— DATA SHOWN —

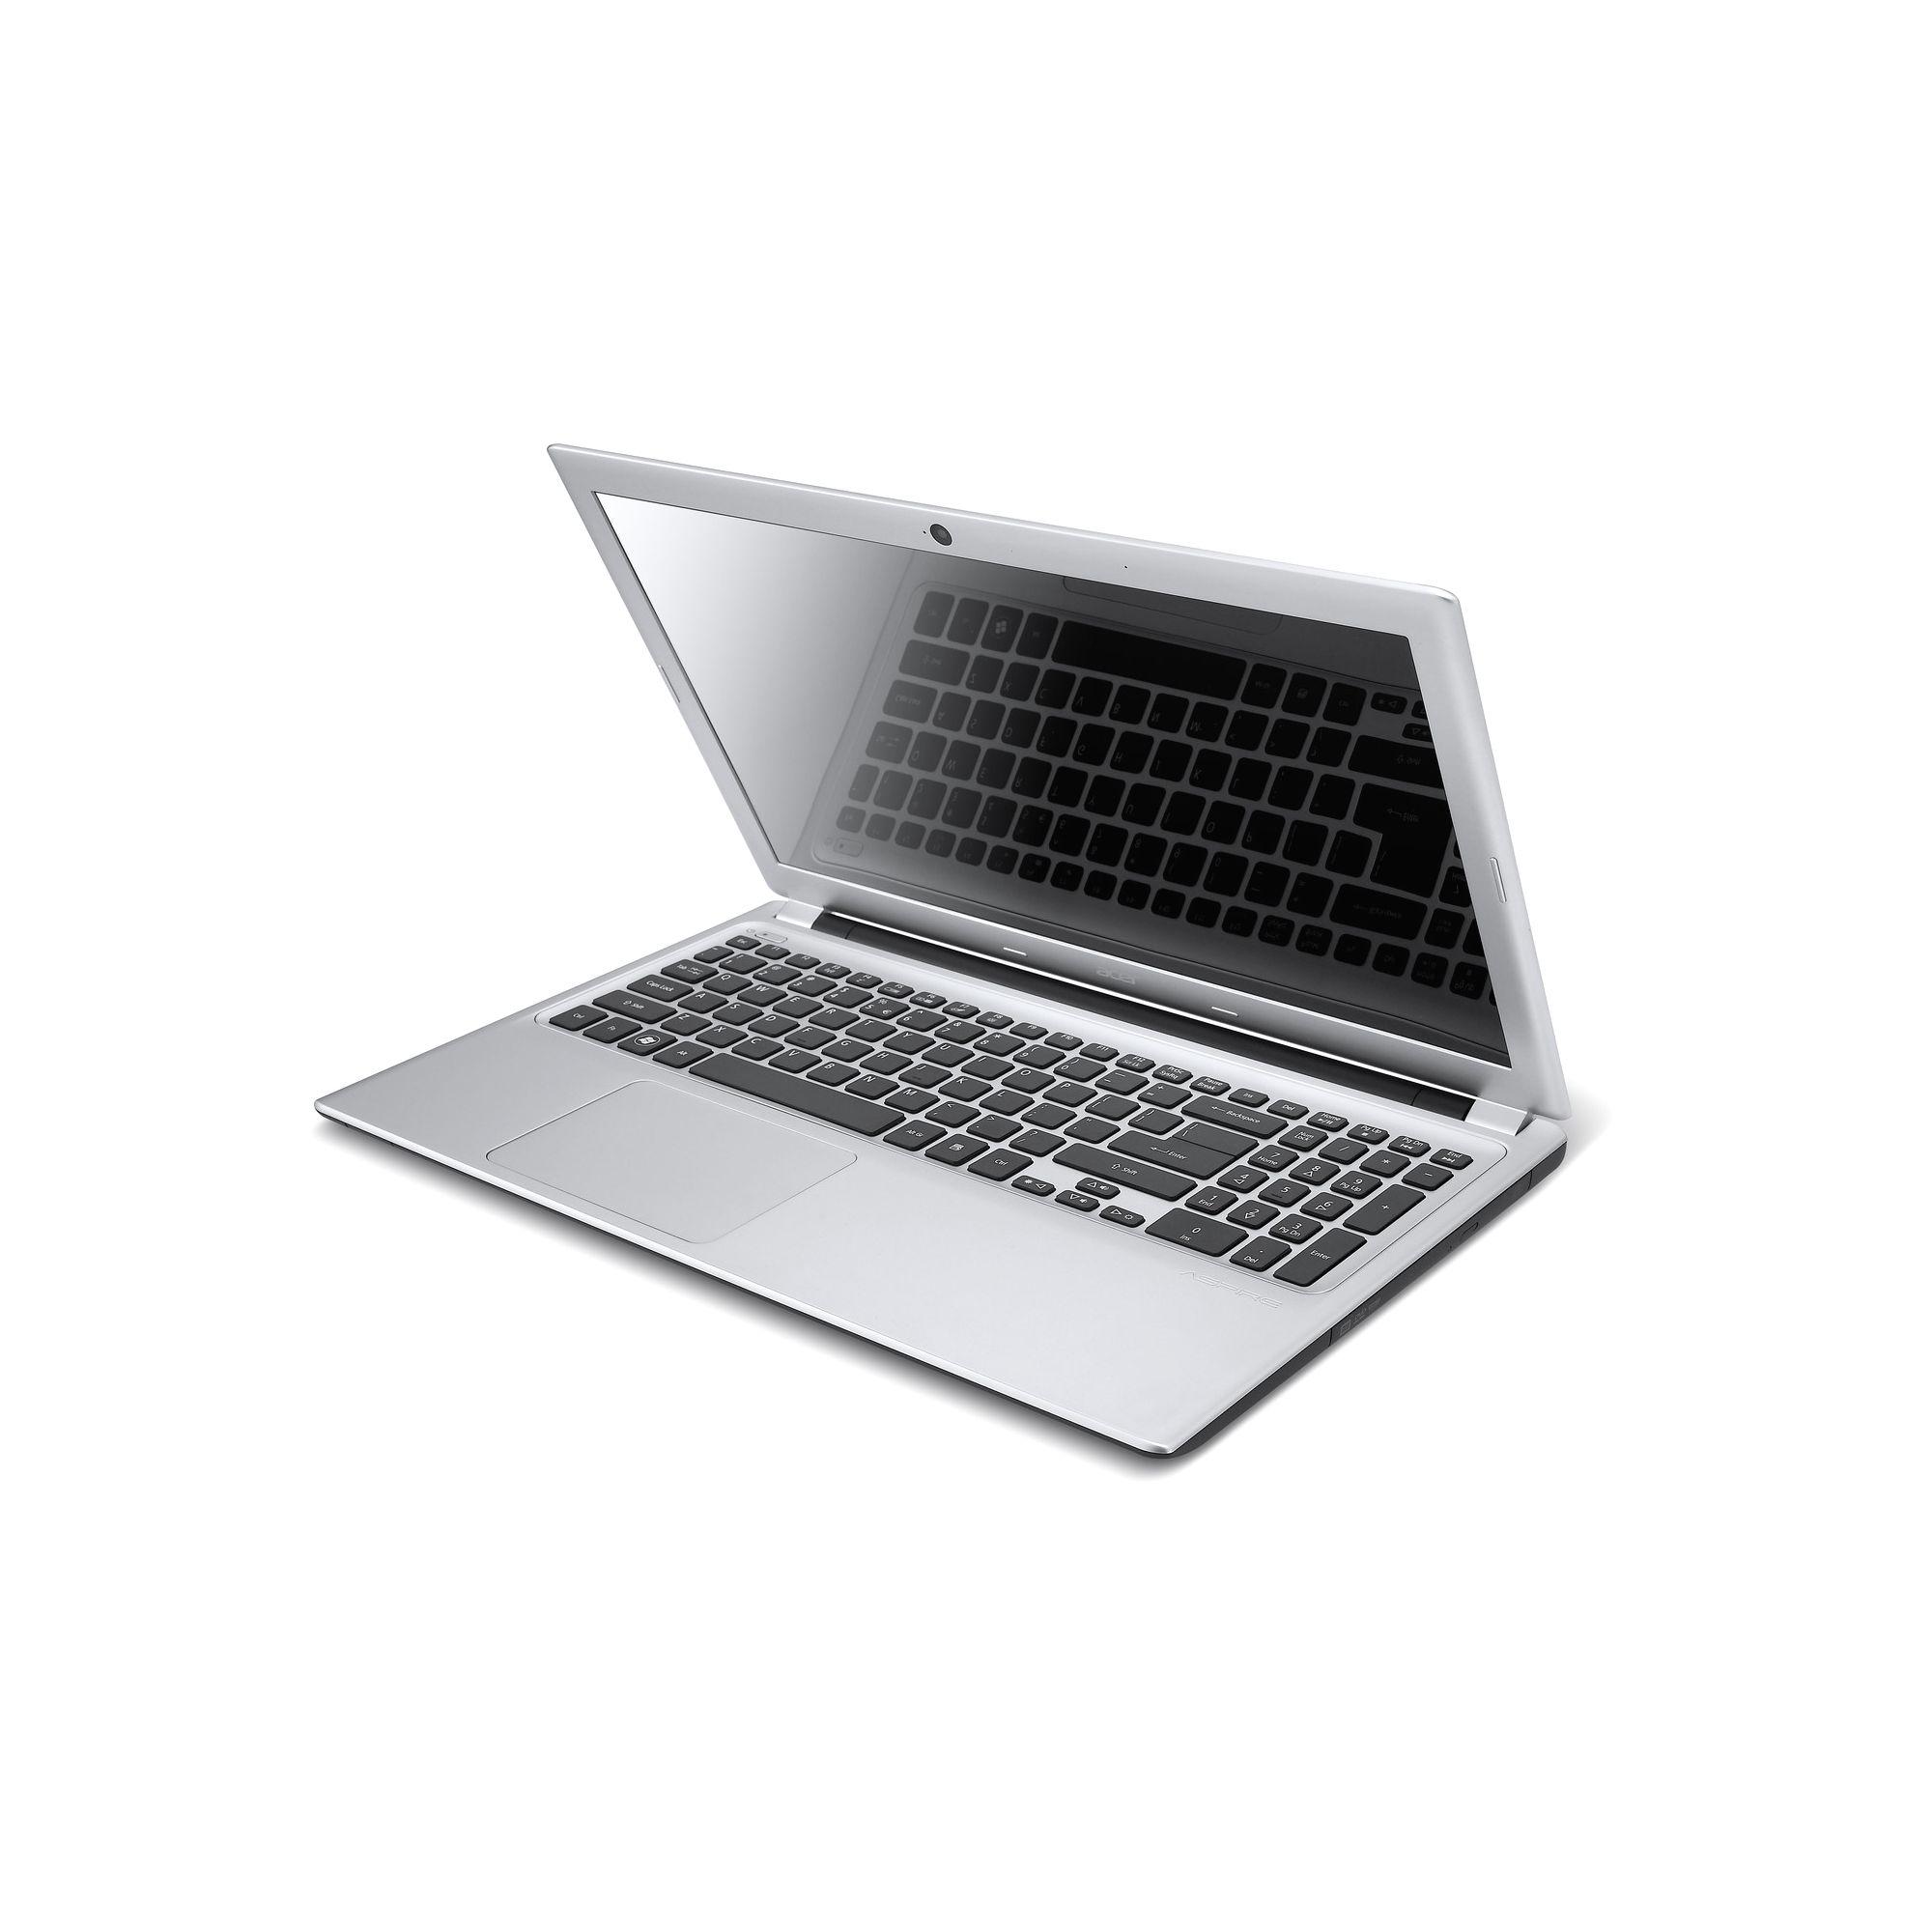 Acer Aspire V5-571 (15.6 inch) Notebook Core i3 (2365M) 1.4GHz 4GB 500GB DVD-SM DL WLAN BT Webcam Windows 8 64-bit Intel HD Graphics 3000 (Matte at Tesco Direct
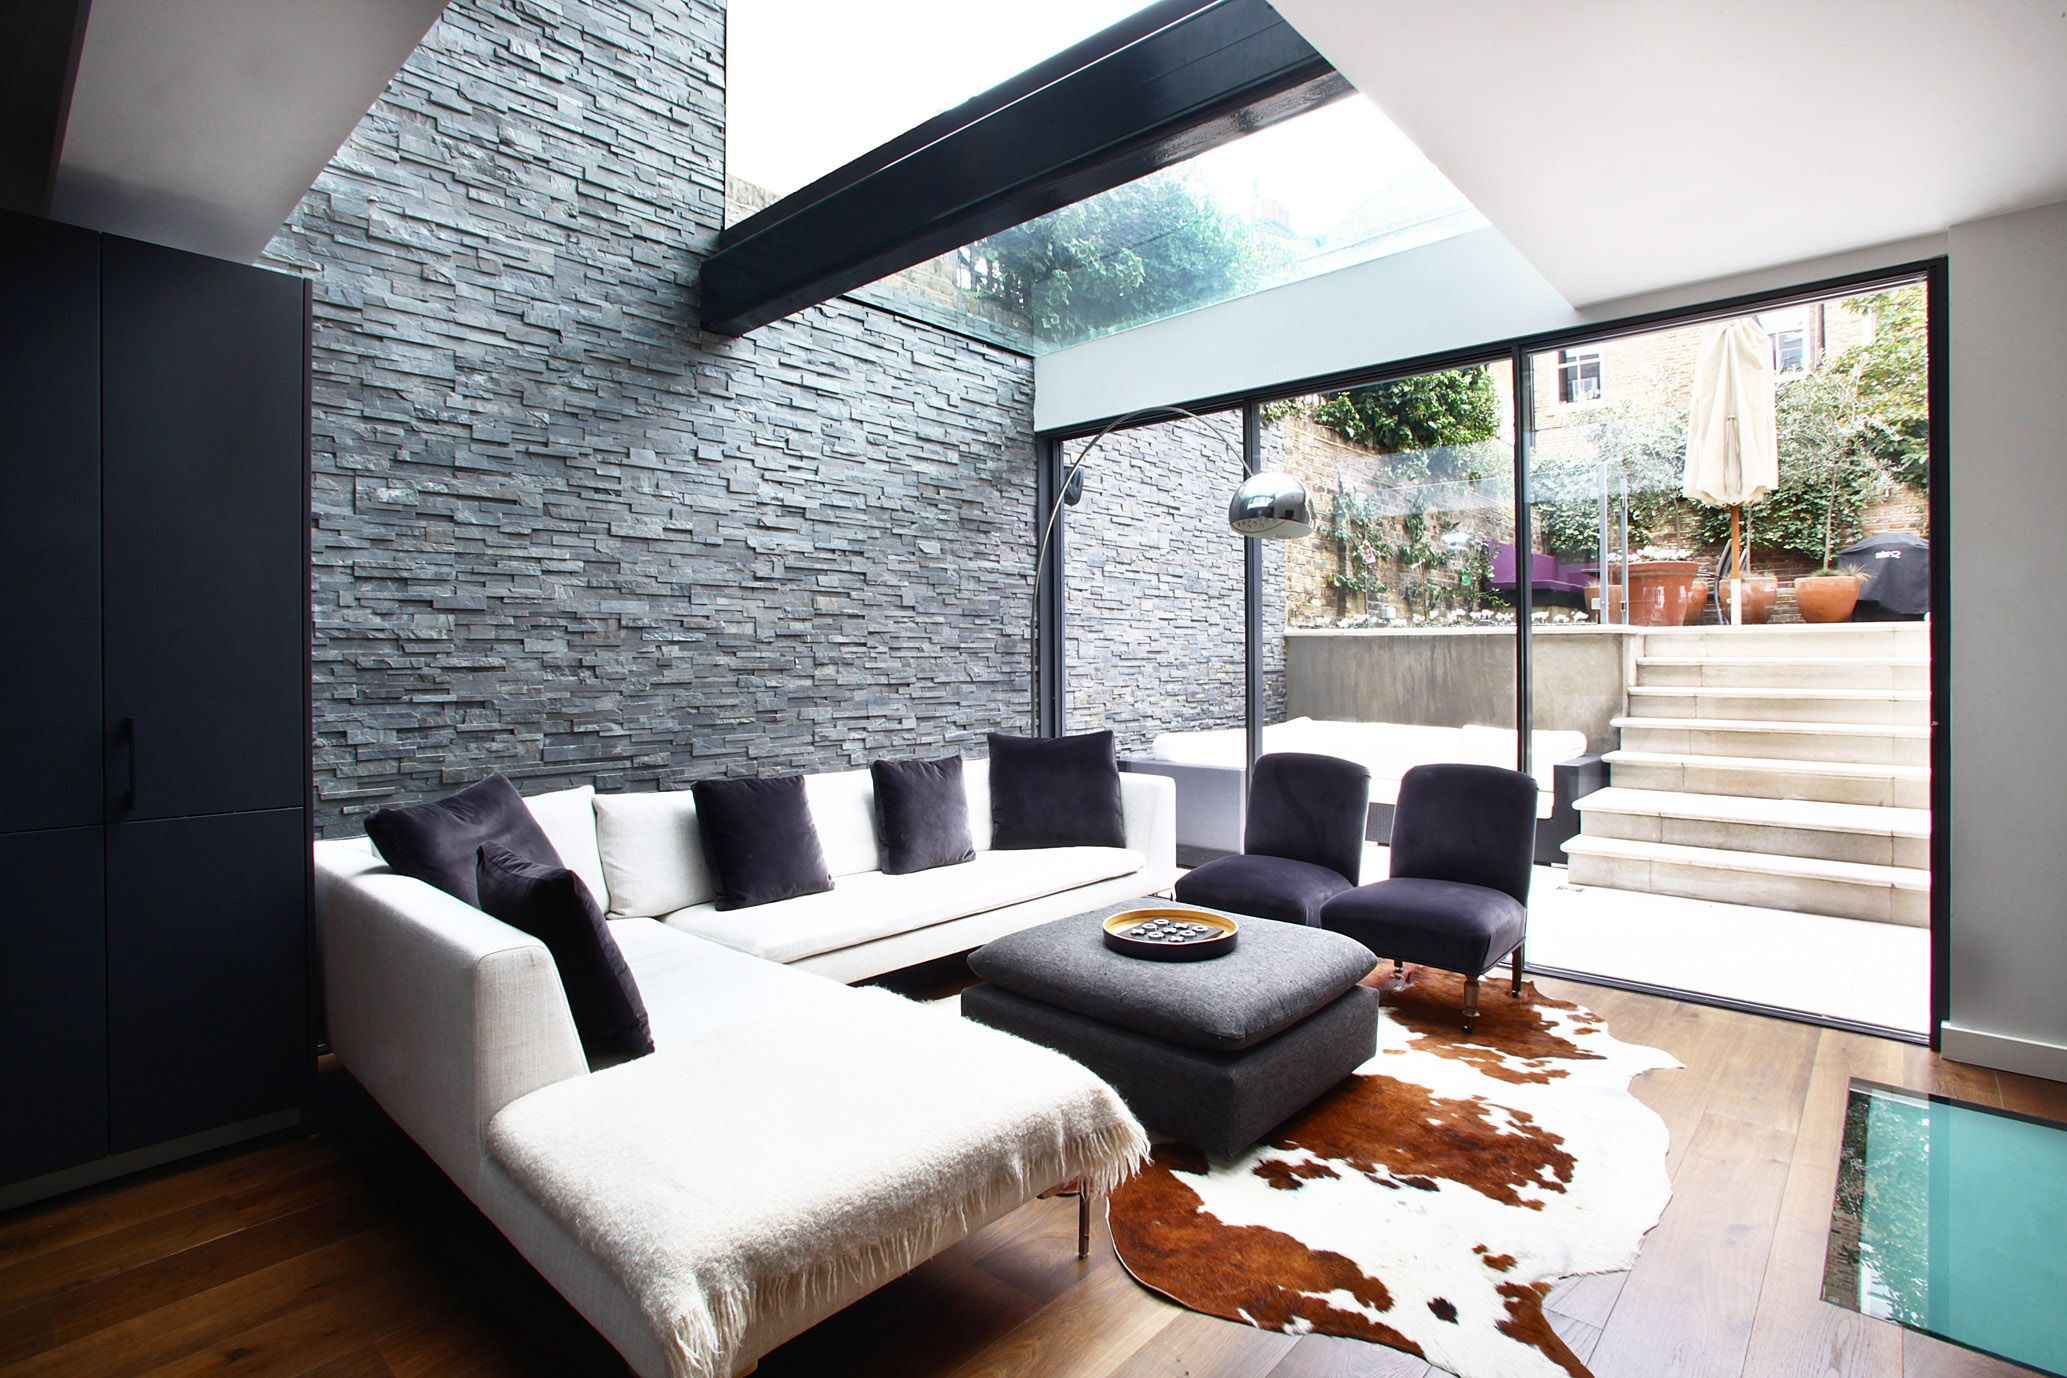 ... Gorgeous Townhouse Finished Basement Ideas Basement Remodel Splurge Vs  Save ...
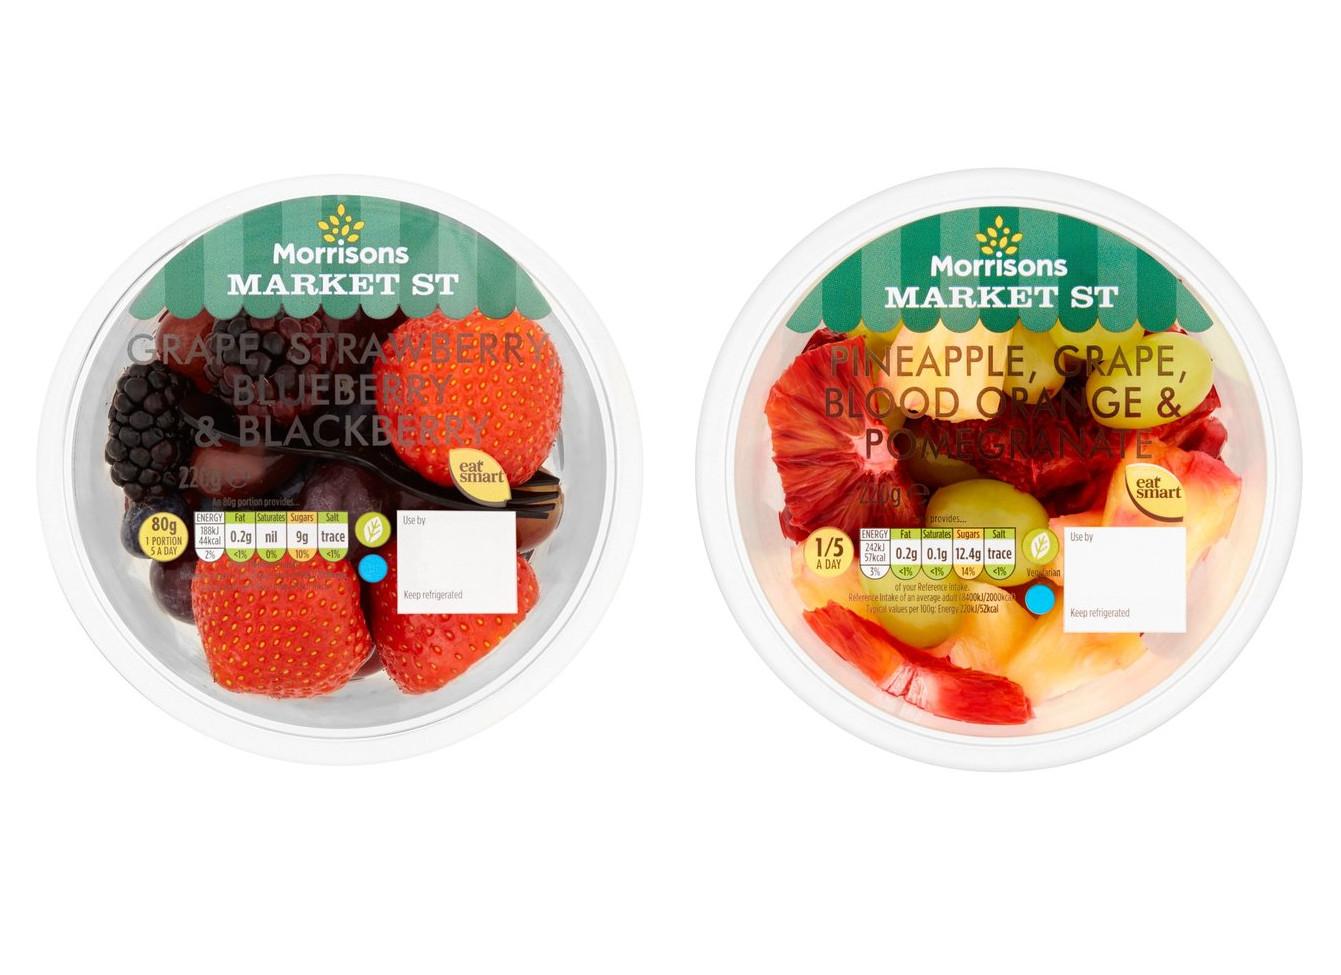 Blood Orange Pomegranate Grape & Pineapple / Grape, Strawberry & Blackberry 220g only 50p @ Morrisons

— WORK ORDER —
With pictures excluded, the data must be transcribed in full and to the letter.

— RESPONSE BOX —
 Acer Aspire V5-571 (15.6 inch) Notebook Core i3 (2365M) 1.4GHz 4GB 500GB DVD-SM DL WLAN BT Webcam Windows 8 64-bit Intel HD Graphics 3000 (Matte at Tesco Direct
 ... Gorgeous Townhouse Finished Basement Ideas Basement Remodel Splurge Vs  Save ...
 Blood Orange Pomegranate Grape & Pineapple / Grape, Strawberry & Blackberry 220g only 50p @ Morrisons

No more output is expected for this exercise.